Parmi ces experts et élèves de Angel Cabales, certains ont contribué également à diffuser le Cabales Serrada Escrima aux Etats-Unis, puis en Europe. La plus part d’entre eux ont été influencés par différents style de FMA, pour autant le système de Angel Cabales faisait partie de leur curriculum.
Parmi eux, Mike Inay fonde la West Coast Eskrima Society en 1979, avec Max Sarmiento, afin de préserver et promouvoir les arts martiaux philippins aux Etats-Unis. De nombreux experts américains de FMA ont joint cette organisation par la suite. Le Inayan Eskrima créé par Mike Inay tire ses influences principales du Cadena de Mano (ou Kadena de Mano comme il est souvent orthographié dans le Inayan Eskrima), ainsi que du Cabales Serrada Escrima. Mike Inay a promu son système aux Etats-Unis et également en Europe dans les années 1990. [12]
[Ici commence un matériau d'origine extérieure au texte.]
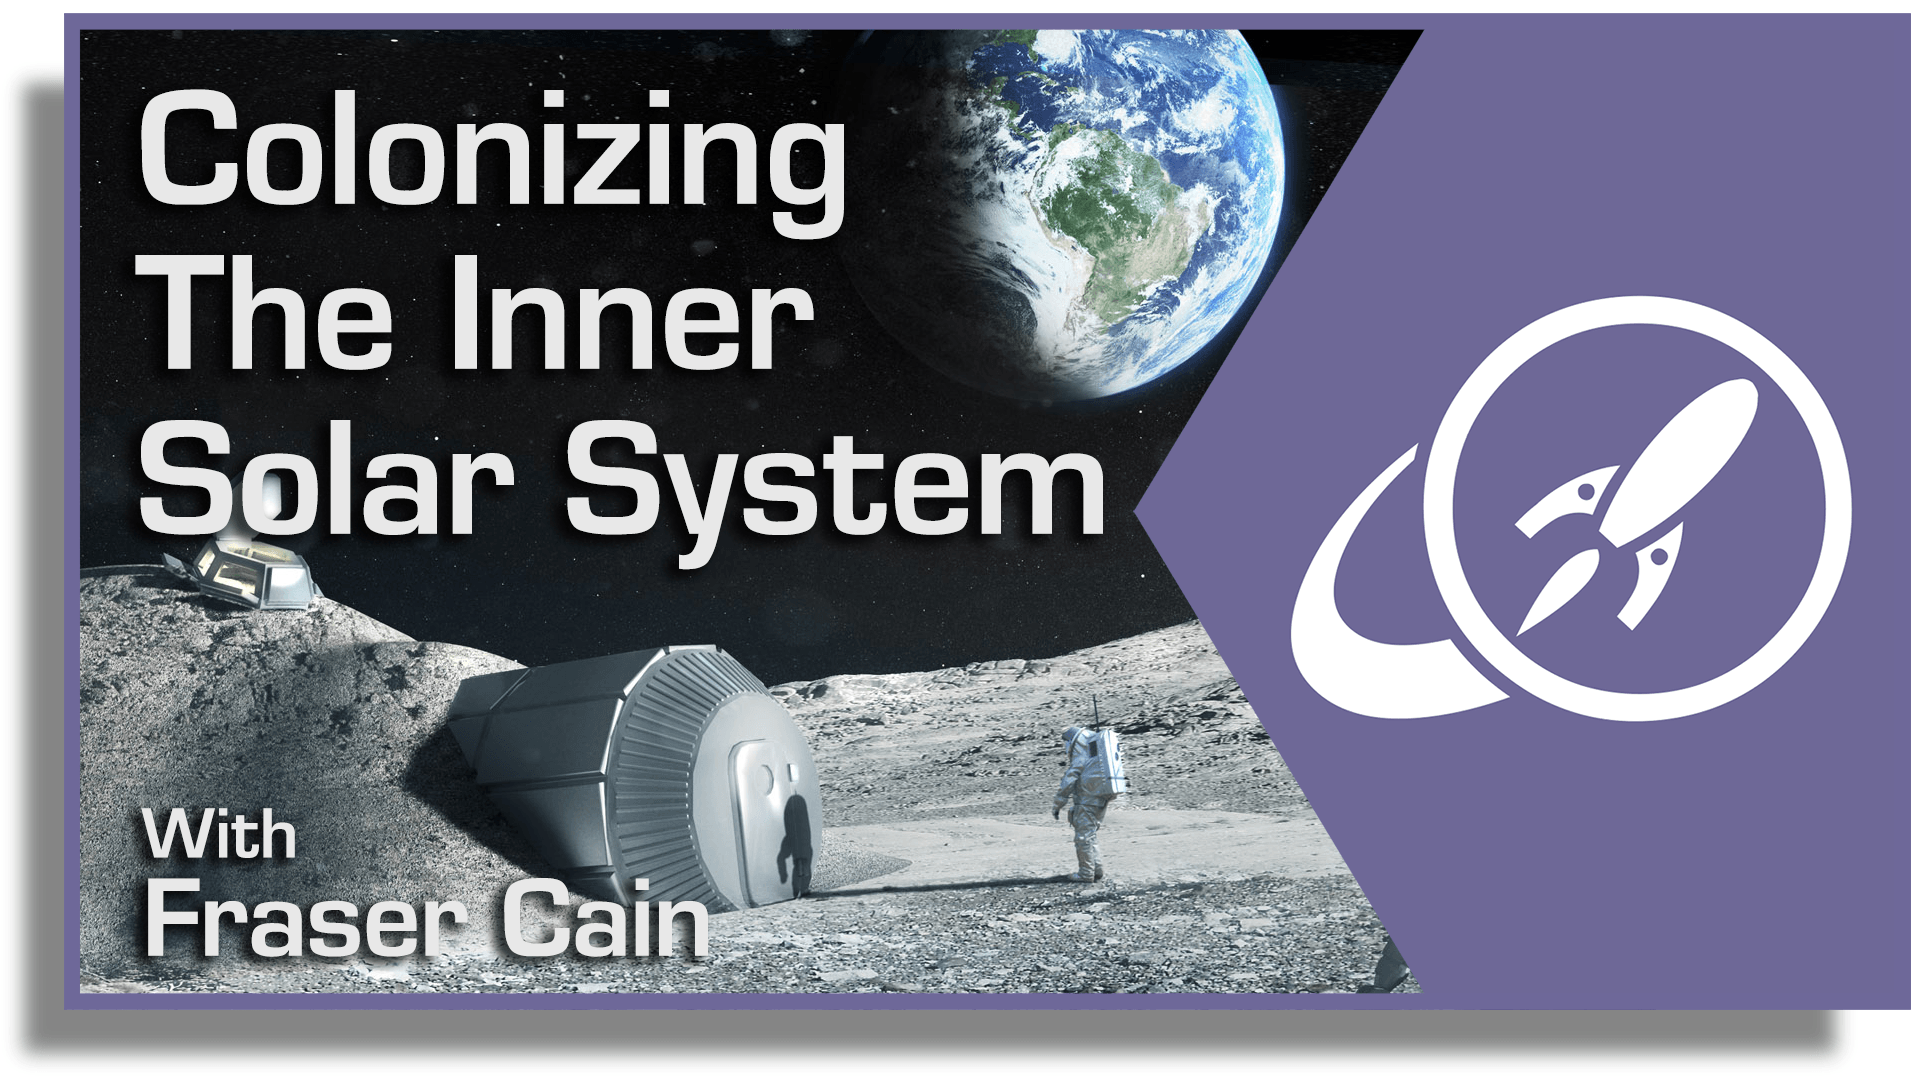 Colonizing The Inner Solar System

Les FMA ont été aussi popularisés en Europe par l’intermédiaire d’experts en Lacoste Inosanto Kali et en Jeet Kune Do, élèves de Dan Inosanto. Pour autant, même si Dan Inosanto a été élève de Angel Cabales, son sytème a davantage été influencé par les enseignements du Maître Juanito Lacoste, un contemporain de Angel Cabales à Stockton, spécialisé dans le Espada y Daga [13].
Concrètement, le Cabales Serrada Escrima a surtout été diffusé en Europe par Rene Latosa, un des premiers élèves de Angel Cabales. Rene Latosa a suivi également l’enseignement de Max Sarmiento au Cadena De Mano, de Leo Giron au Larga Mano et Dentoy Revillar [14].
En 1977, Keith Kernspecht, le fondateur de l’European Wing Tsun Organisation (EWTO), invite Rene Latosa à venir présenter son art en Europe. Keith Kernspecht cherchait un art martial pragmatique et efficient, spécialisé dans le maniement des armes, en complément du Wing Tsun focalisé sur le combat à mains-nues, afin de proposer une approche globale de l’auto-défense [15].
C’est le début d’une grande coopération qui permet à Rene Latosa de diffuser son système en Europe : le Latosa Escrima.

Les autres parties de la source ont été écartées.